Феня засмеялась: вспомнила себя молодой, свою задиристость с мужиками, несчастливый случай со Щербининым. Видно, Ольгу свою любил сильно, если не решился.
— Отбойная ты, Зойка, оторви да брось. У него жена хорошая, от такой к чужим не потянет.
— В наше время жена — не проблема. — Зоя приподнялась на постели, облокотившись о подушку, посмотрела требовательно на верхнюю полку, где лежал Межов, — Вы слышите, Сергей Николаевич? Что вы заслонились газетами, боитесь меня?
Межов положил газету на грудь, посмотрел на нее, волосы светлые, с золотинкой, распущены по плечам; манят, затягивают синевой дерзкие смеющиеся глаза, большие, горячие, небрежно (и, вероятно, не без расчета) откинутое одеяло открывает кружевной ворот рубашки, в вырезе которого бугрятся большие спелые яблоки. Всякое про нее говорят, вряд ли говорят правду. Скорее всего здесь просто демонстрация независимости, проверка ложно понятой свободы отношений. Именно проверка, а не сама свобода, к которой она относится наверняка с недоверием. Иначе не было бы этой демонстративности. Впрочем, она, по слухам, дружит с сыном Щербинина, а тот, кажется, может научить ее всему.
— Обсмотрели? — спросила Зоя, все время не сводившая с него глаз и тревожная под его очень мужским взглядом. Так она тревожилась лишь под взглядом Кима. Запахнула одеяло на груди, легла на спину, взяла со столика книжку. — Серьезный вы человек, Сергей Николаевич, слишком серьезный.
— Это плохо?
— Ску-ушно! Смотрели на меня, как на свой новый утятник — сколько, мол, тут еще работы, доделки!.. И в книжке вот все работа да работа, про любовь сквозь зубы говорится, между делом, а это роман о колхозной жизни.
Межов улыбнулся:
— Но ведь и в самой жизни так, Зоя.
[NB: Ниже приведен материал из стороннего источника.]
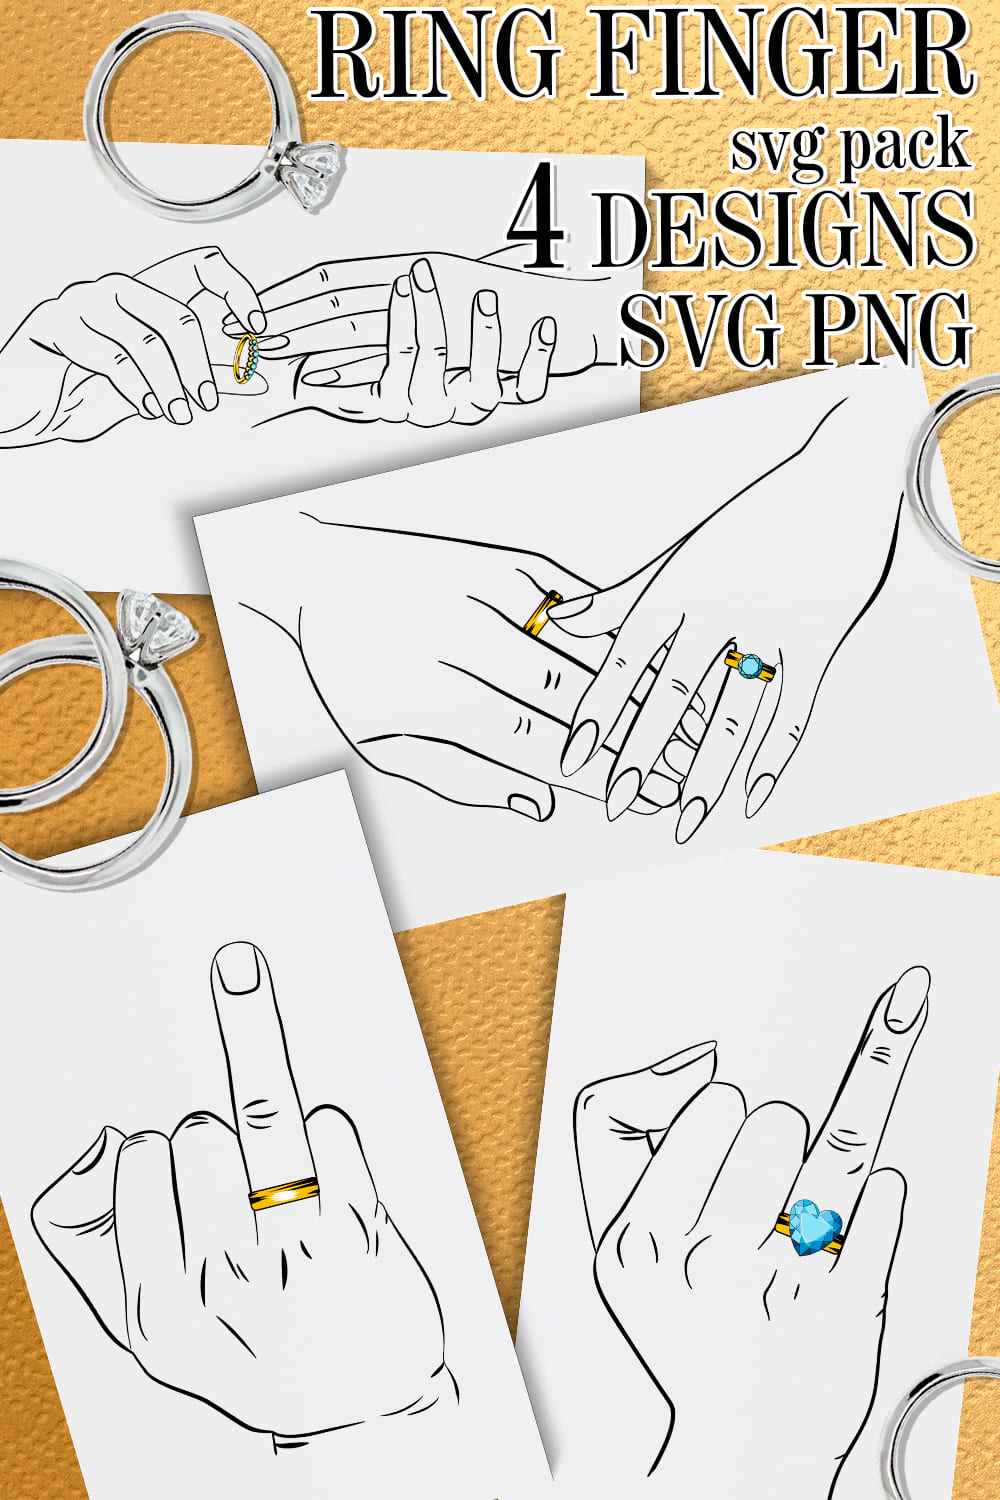 Ring Finger SVG - pinterest image preview.

И в колхозной и в любой. Подумай серьезно, посчитай свое время, и увидишь, сколько места занимает в твоей жизни любовь, сколько времени.
— Неправда! — Зоя опять повернулась на бок, подняла голову. — Любовь самое главное в жизни, она занимает все время. Я работаю, а думаю всегда о любви, мне хочется быть всегда хорошей, первой и в работе, чтобы меня хвалили, ценили, любили все люди, любовались мной — глядите, какая она хорошая, ловкая, красивая, милая, такой больше нет! Нигде! И все наши девчонки так, все доярки. Скажи, теть Феня, так ведь?
Феня, с улыбкой слушая разговор, думала о себе, такой же смелой в молодости, как Зойка, боевой, только малограмотной, к книжкам не преверженной. И еще о своем Сене, замужество с которым не дало ей детей, и она заводила их с чужими мужиками, и он знал это, а пестовал их, как родных. И ее не попрекал, не корил. Любовь? Другой муж голову бы ей оторвал и семью бросил давно, а этому дай только заниматься своими железками. Любовь… Он тоже любил детей, он не виновит, что их у него нет, приходится любить чужих. А теперь какая любовь, теперь прокормить их надо, одеть-обуть такую ораву.
— Не знаю, Зоя, — сказала она. — Я уж забыла про это, работой живу, семьей. Вот выйдешь замуж, дети пойдут, не до любви будет.
— Как же не до любви, когда дети пойдут! — воскликнула Зоя со смехом. — От работы, что ли, они заводятся, дети-то? Чудная ты, теть Феня!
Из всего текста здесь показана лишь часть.